You've obviously never filed a bug with Apple if you think you could get bug bounty money, or really anything other than "FILED AS DUPLICATE OF RDAR://198017630131903".
I think in the specific case of apple, this serves a nice purpose. I believe macOS has lost a bit of love from the company, and so it’s a nice way (if not the only way) to make management listen.
Apple has a bug bounty program where they'll legitimately pay you to report bugs directly to them. What's with everyone reporting them to Twitter instead and forgoing the extra cash?
People post on twitter because it actually gets a quick response. According to Lemi Orhan Ergin, the root password bug had been reported to directly to Apple five days before his tweet, but there was no response/fix. Then he tweeted about it, and it was fixed the next day.

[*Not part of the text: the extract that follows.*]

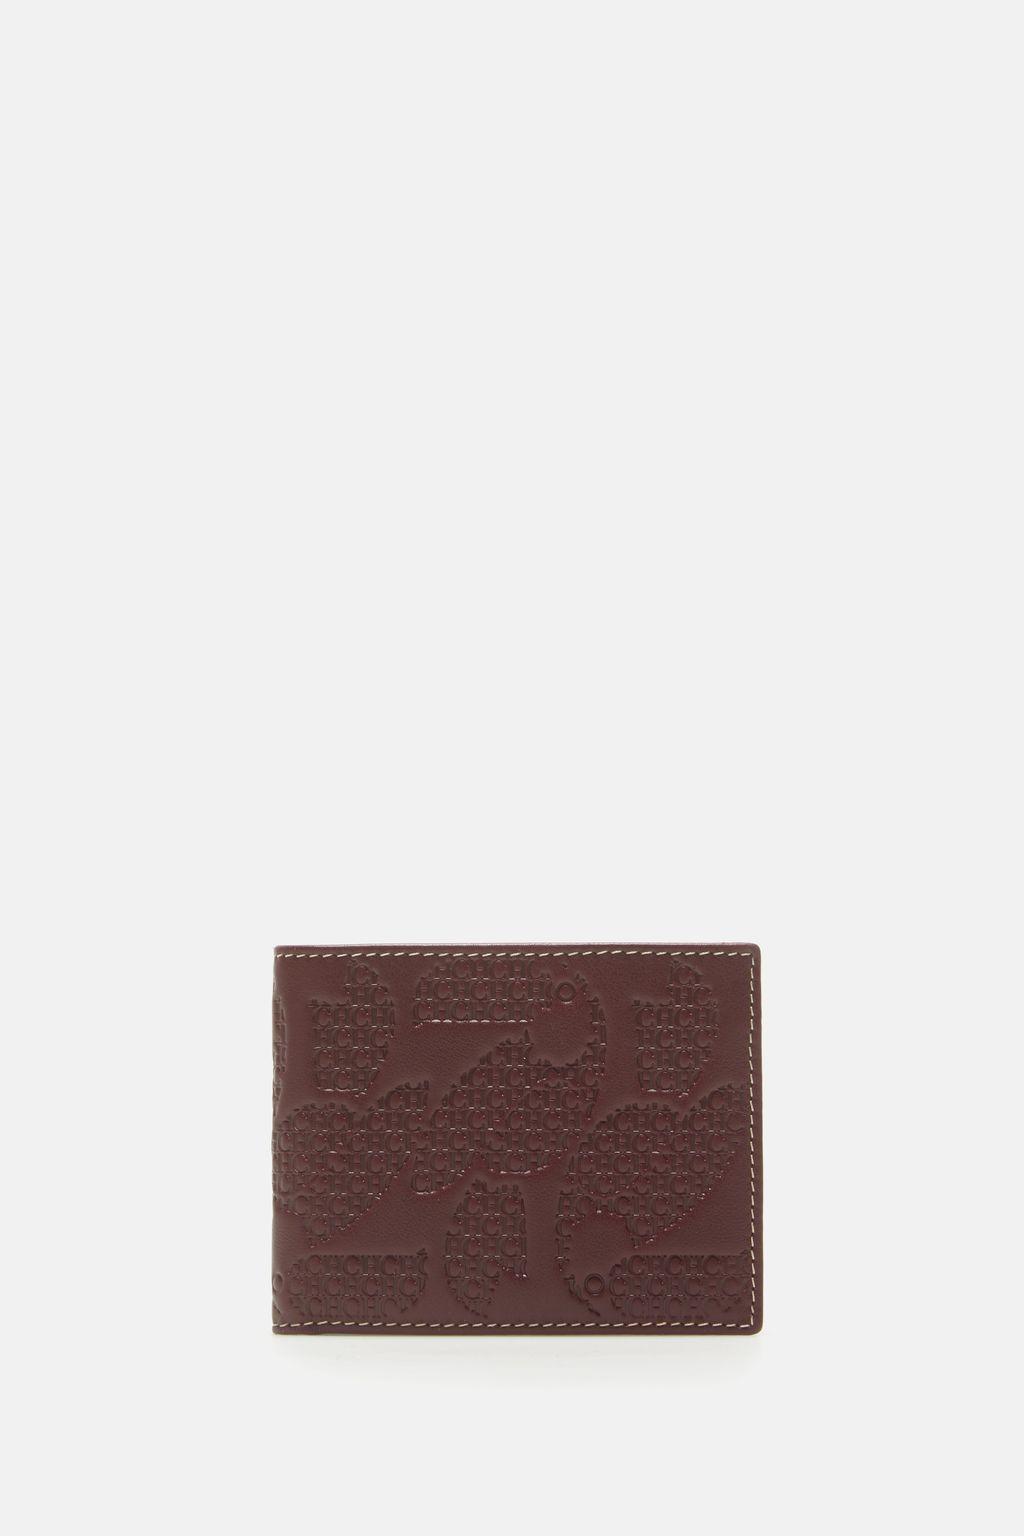 Touky | Billfold 6 wallet
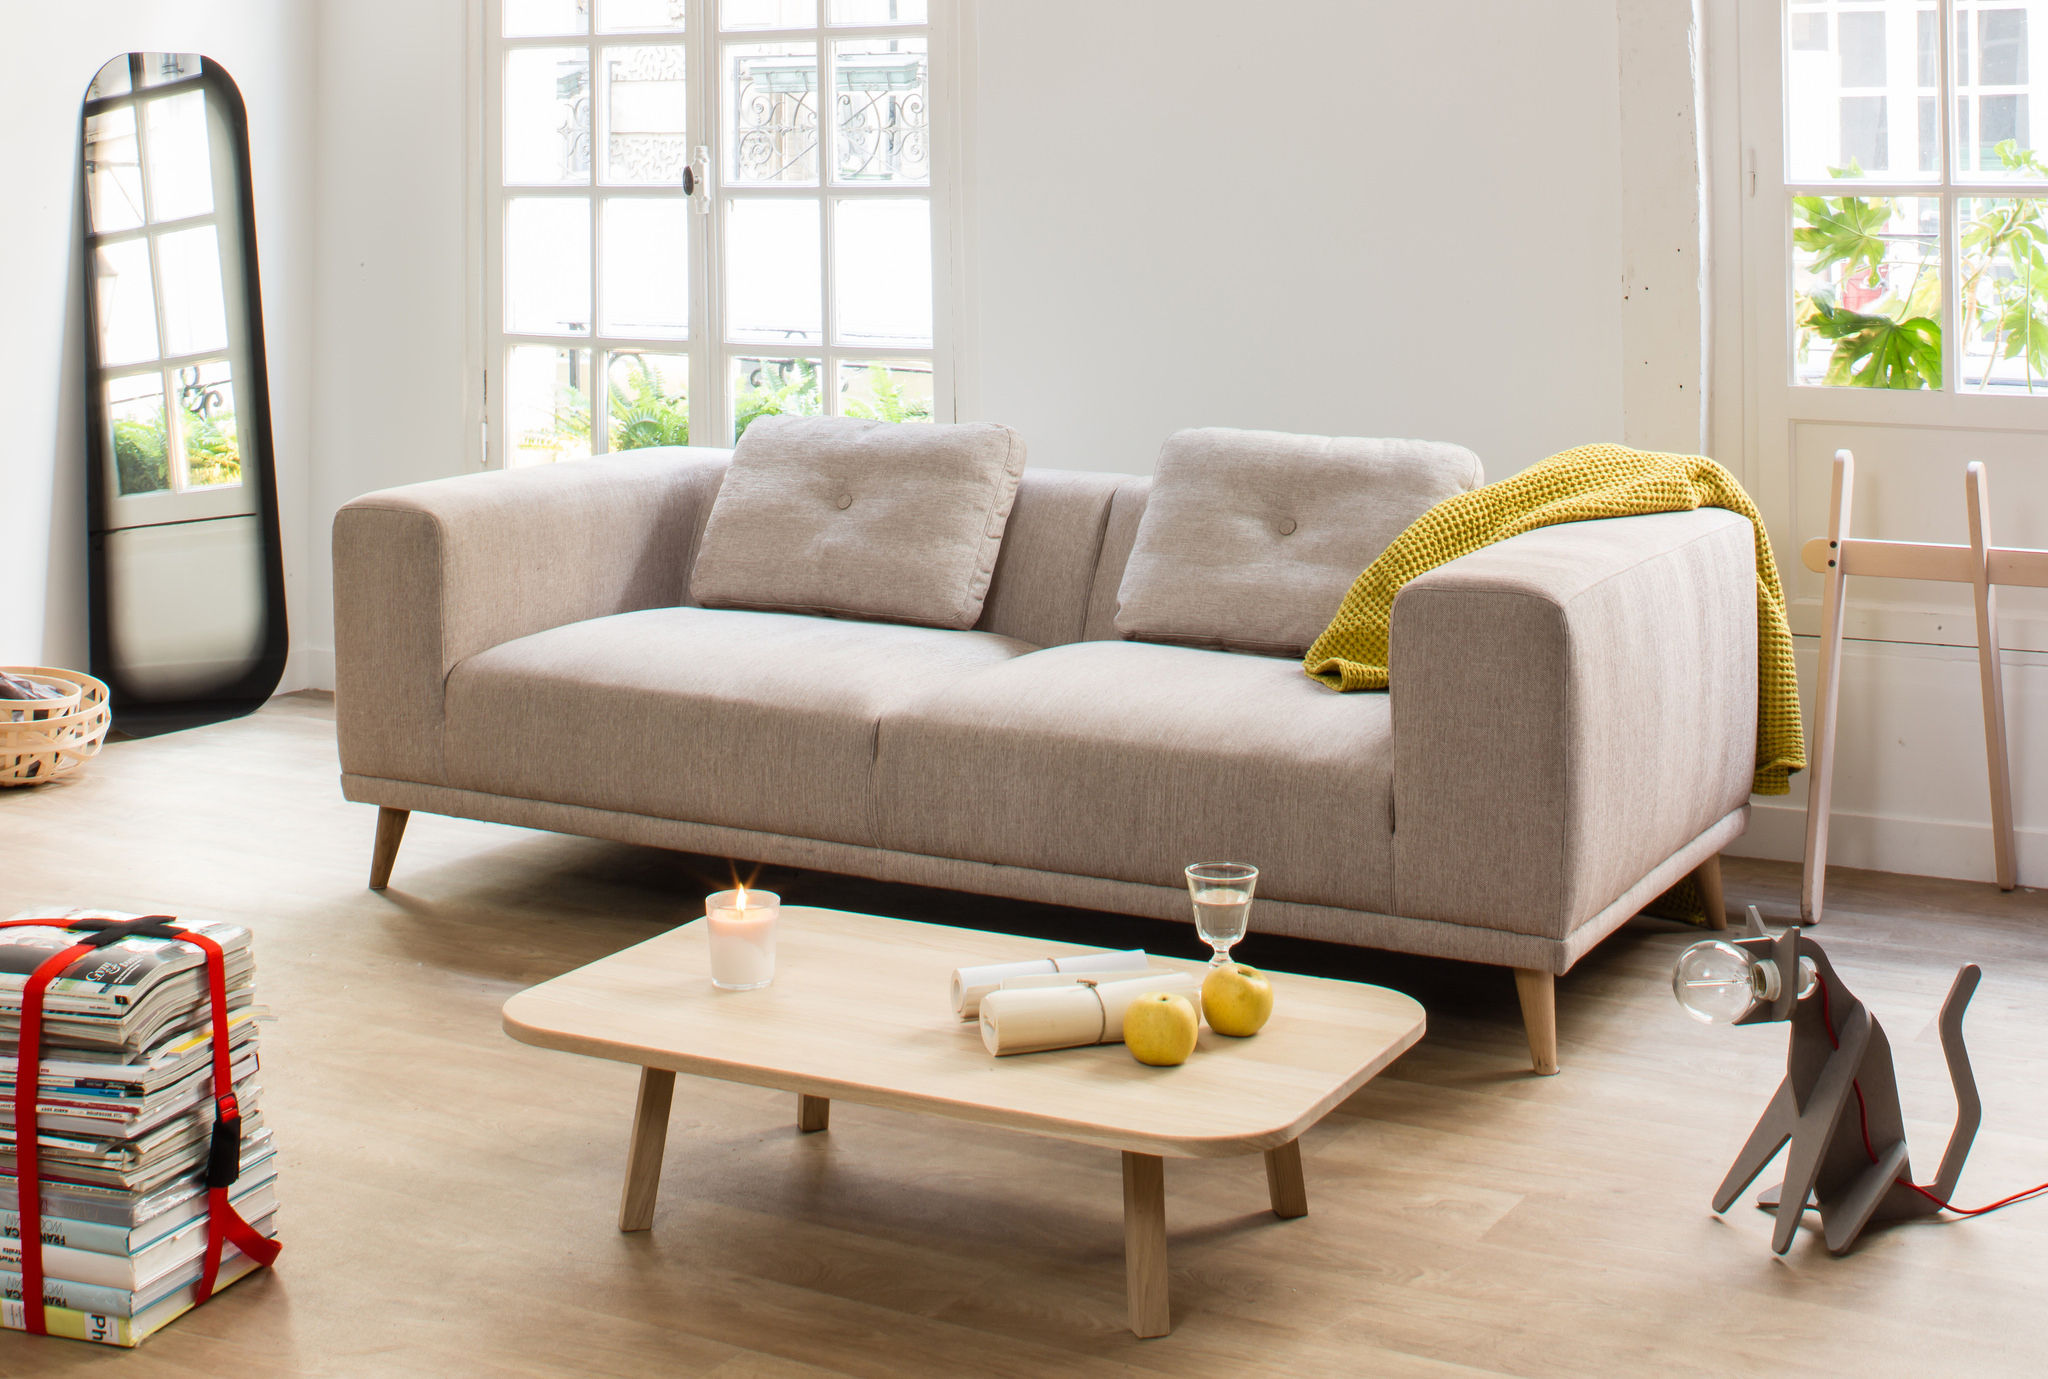 lampe de table get out chat jaune moutarde c ble gris enostudio. Black Bedroom Furniture Sets. Home Design Ideas

There's a case to be made for public shaming, sometimes. You're leaving it up to Apple to decide whether they want to pay you or not; they might deny the bounty for some reason, while still fixing the bug. Now you get nothing, in addition to having given Apple time to sweep the issue under the carpet and bury it under a change-log with language that heavily downplays the severity (e.g. "CVE -
A buffer overflow could cause an application window behind the lockscreen to retain focus".
Posting it on Twitter, however, draws attention to Apple's waning security practices and how such glaring holes manage to slip past their peer review. It sparks public outrage, and may serve as a wake-up call to the company.
the bounties are low. and registering to those things require some loss of anonymity before you do get paid.
those are users dogfooding a product they paid for. and probably well off already, so the twitter bragging rigths is more valuable than the loss of anonymity + $500.
This doesn't seem like it would qualify under their categories. Not to mention, their bug bounty program info is nowhere to be found. I see tech sites reporting that they offer one but nothing on any apple site.
For those interested, the sample exploitation that I've discovered was connecting any iPod/iPhone device to a OSX laptop while screen was locked was taking the focus away from login prompt 'into' the system, where iTunes was gaining it and from there it was just few OS level keyboard shortcuts from gaining network access to the system, while still locked: launch finder, go to tools folder, launch terminal, launch `nc` in the terminal to get the access via network. Lots of blind typing but it worked more times than not.